Packard Bell Lives on; Bring Digital and Burroughs Back

The brands Packard Bell and Gateway will live on, even after their purchase by Taiwan’s Acer. At right, a 1961 Packard Bell 250 Computer, with image from Ed Thelen’s wonderful computer history website, which can be found by clicking here: http://ed-thelen.org/comp-hist/

On the tech site The Inquirer, Paul Hales reports that Gianfranco Lanci, the Italian who runs Acer, will keep the Packard Bell and Gateway brands, the former a relic of the early radio era and the latter of the early PC clone era. Lanci, according to a report by Hales, believes that companies that sell commodity products need to sell under multiple brands to respond to different markets, and not try to merge them when they take them over. BrandlandUSA loves his approach.

“It makes sense to follow a multi-brand approach. If you look at other commodity markets like the car market, successful companies run multiple brands to address different market segments. Acer will pursue just such a multi-brand approach, Lanci said. In the this market, companies post-acquisition usually subsume acquired brands in order to boost the main brand. Acer won’t.”

This is smart stuff; other Asian companies have been stuck with new brands like Thinkpad and Lenovo.
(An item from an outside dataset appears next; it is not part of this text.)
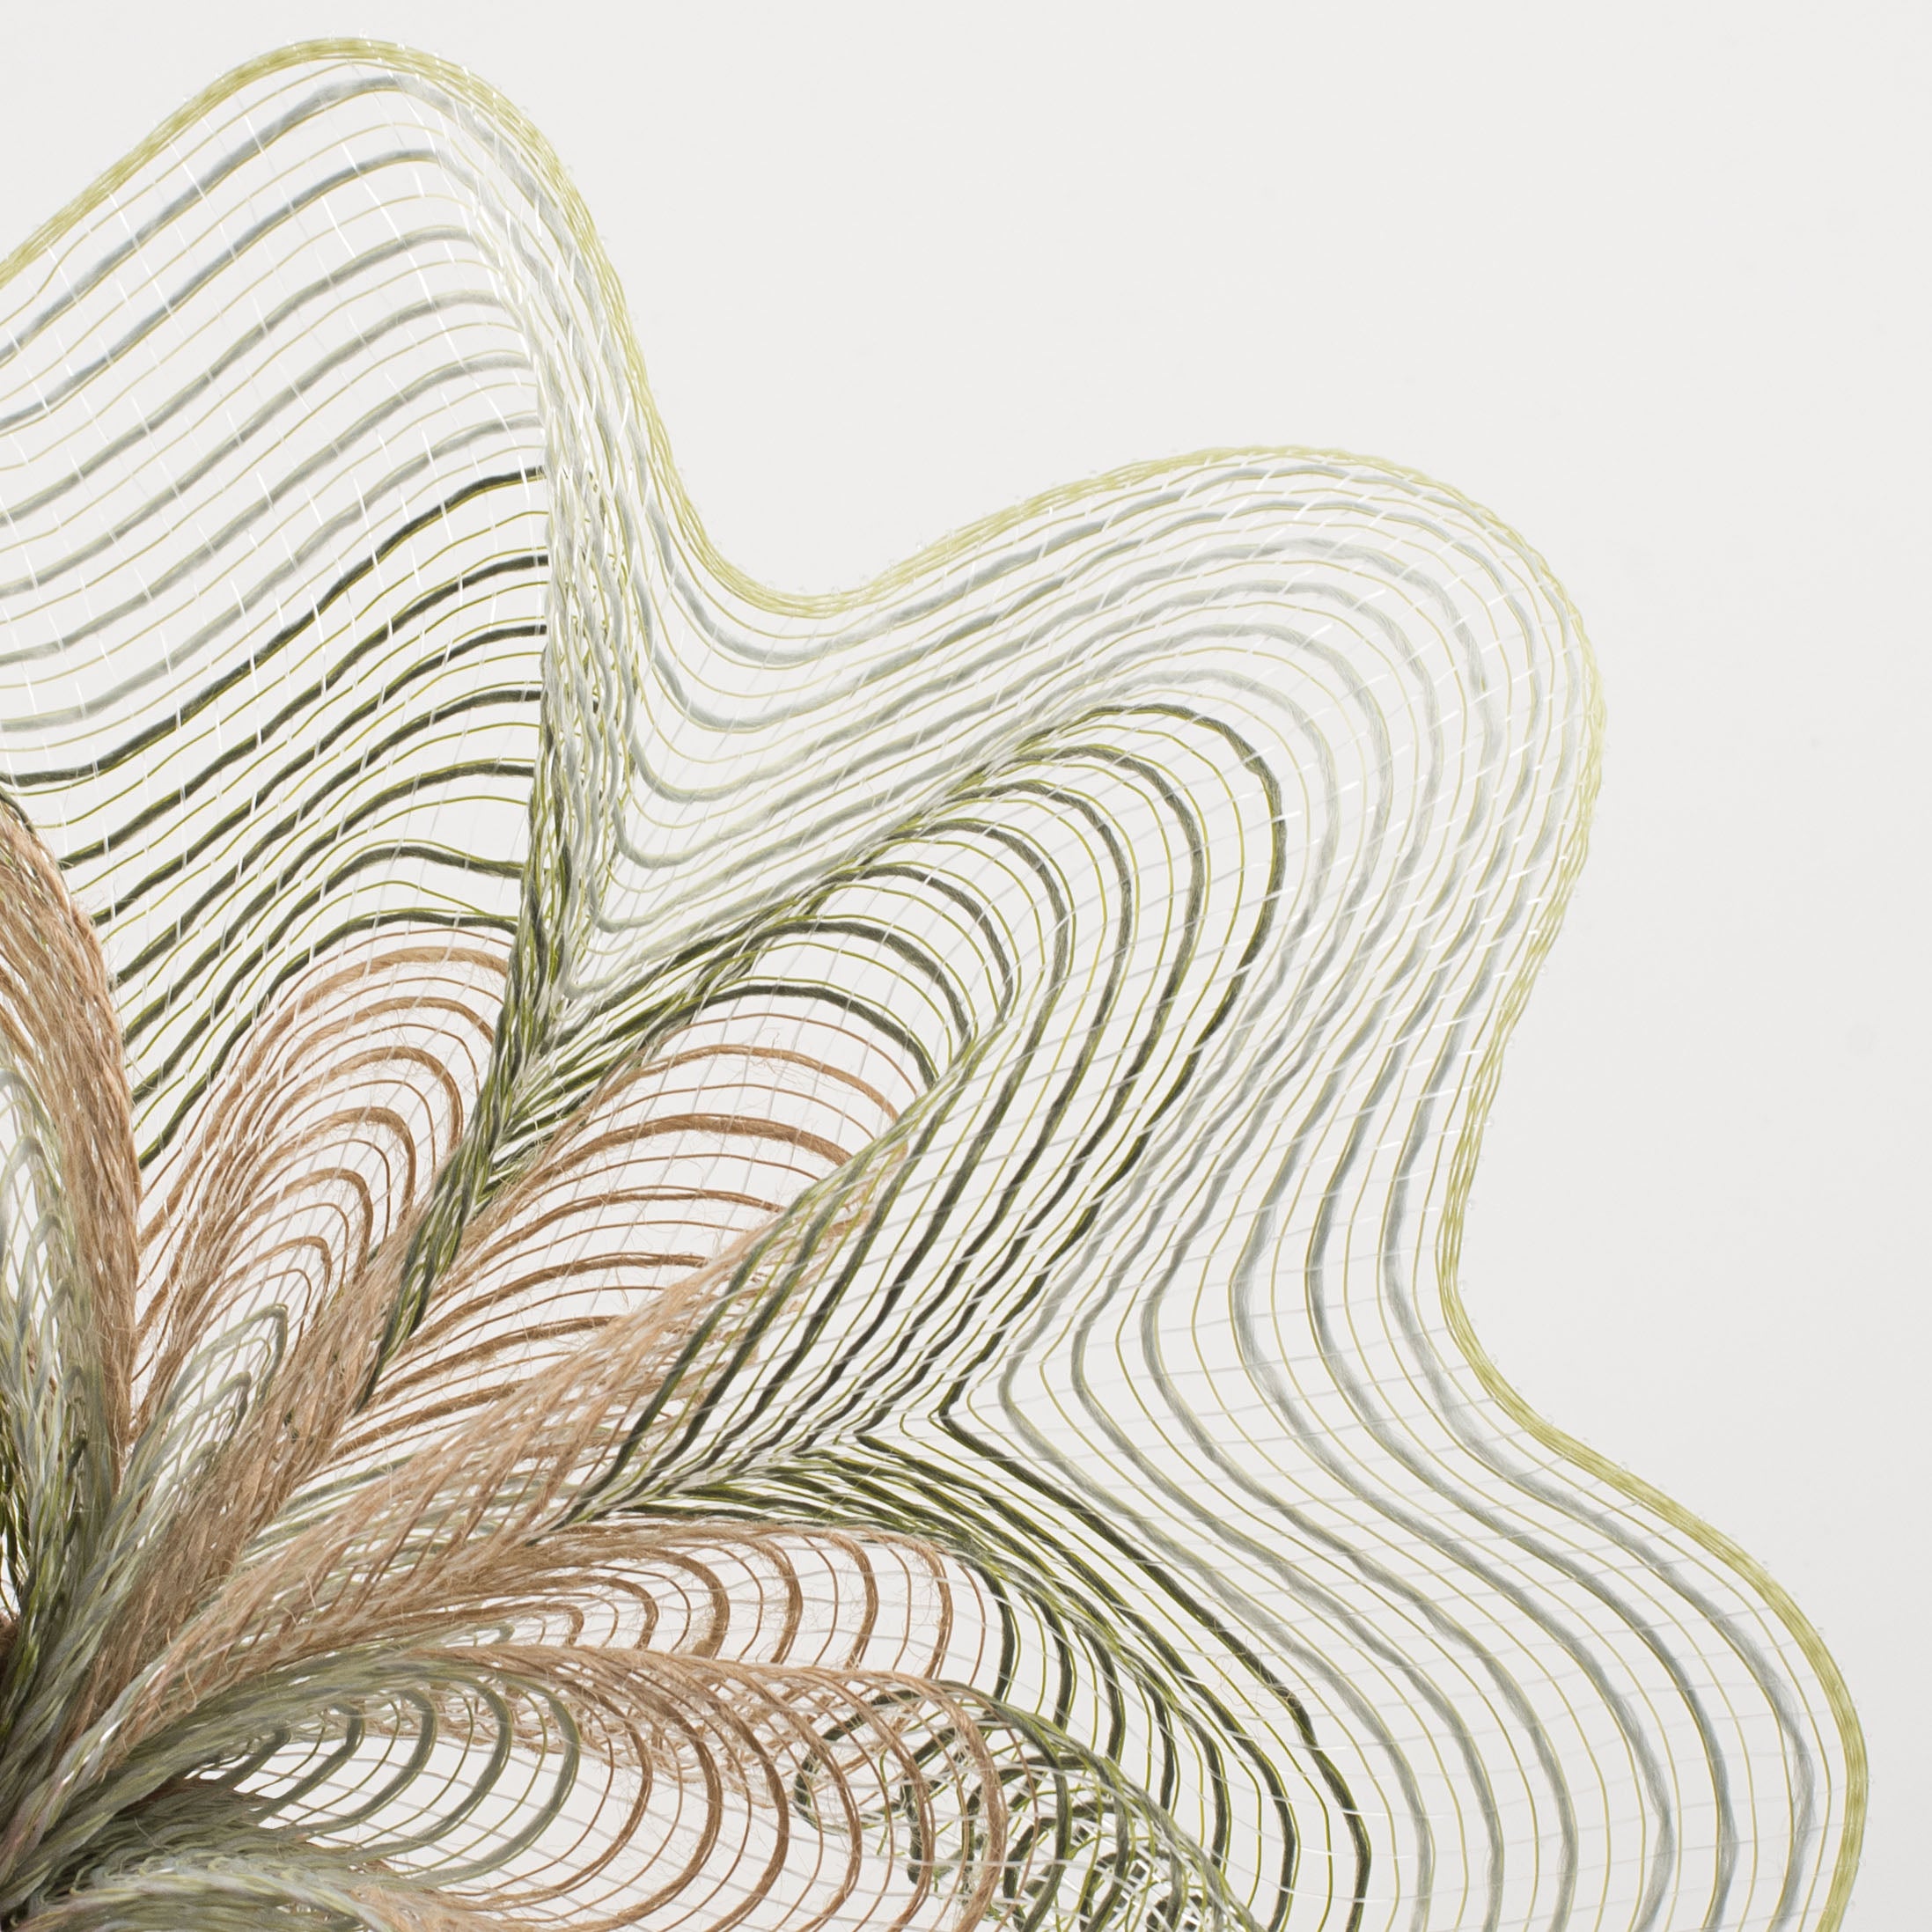 10" Burlap Deco Mesh: Moss, Sage & Natural Jute Stripes

This has happened while numerous great computer brand names have gone by the wayside, even though they might have had equity, and could have helped their parent companies gain market share. (For a history of some of this historic computing brand names, check the University of Virginia’s Computer Museum; a photo of their Burroughs computer is found by clicking here.)

When we say this, we know we are in dangerous territory. Because we know that if you took the Underwood typewriter brand and stuck it on a computer, it wouldn’t help the computer sell. People wouldn’t get it, or think Underwood was a new name. However, if a company used Underwood or Royal to “brand” an add on USB keyboard, that might sell to consumers. If that approach were successful, and a technology feel was added back and associated with the Underwood brand, it could, perhaps later, be used to sell PC clones. A few dropped, but still famous names which could have uses include:

  • The Sperry, Burroughs and UNIVAC product names, which were all merged to form Unisys (a good company name, with a good ring, that echoes UNIVAC). But just because the company is called Unisys, that doesn’t mean that the brands under it needed to disappear. They could all appear as product names for new model computers by Unisys. Or at minimum, Unisys could attempt to license the images, logos and history of the brands for products that would bring licensing revenue to Unisys.
  • The Remington Rand computer and brand. The situation with Remington is better. While the computing brand has gone, at least the name Remington, which has gained clout over nearly two centuries and is one of the great American brand names, has become diversified; its brand survives on Remington electric razors through Remington Products and sporting products through Remington Arms. Assuming you could get all the trademark stuff straight, Remington Rand could very well also be licensed to a cellphone maker as a new model name; it would connote technology AND guns.
  • The Digital and DEC brands. Hewlett Packard apparently owns the Digital and DEC websites and has the last claims on brands; this brand could very well be used as a sub-brand if Hewlett-Packard needs to branded IT services, help desks or niche corporate server hardware sold by HP. For instance, it uses the product names ProLiant and Superdome. It would be a kick if they added the name Digital to the product list again next time they launch a new server. No one would buy a computer for this name, but it would be a kick, and it would be a way to keep the brand alive, as well as generate a good bit of press and a message to consumers that HP has history on its side.
  • The Selectric brand of IBM. Selectric typewriters were the best typewriters ever made; obviously the market for them disappeared. Yet the value in their approach to keyboards remains. With the Selectric, the “brand” was typing comfort combined with great product design, and that might still have value today. Could the brand be attached to an IBM licensed keyboard or MS Word software Add on or template service that had the same sense of touch and graphic sensibility that the Selectric Typewriter had?

Other related thoughts:

  • There is no reason why the Packard Bell can’t be licensed to radios and TVs.
  • The Crosley brand has been revived on nostalgic products, but there is no reason why it can’t also go on HD Radios. In fact, antique brands like Zenith, Crosley, Philco and Packard Bell are PERFECT to help sell new technology like HD Radio. Folks over 50 know these brands, and the 50-90 market has a great big fear of technology, and lots of free time.

BrandlandUSA Rule:

If you sell commodity products, keep lots of brands handy. Nothing wrong with coming up with a new company name when you merge a few companies, but that does not mean that the subsidiary brands names of your products need to die too. In fact, keeping the older brands and words alive keeps connections with different segments of customers. New products with new names can bring in new customers, but killing off an old brand to reach the same customer means LOST customers.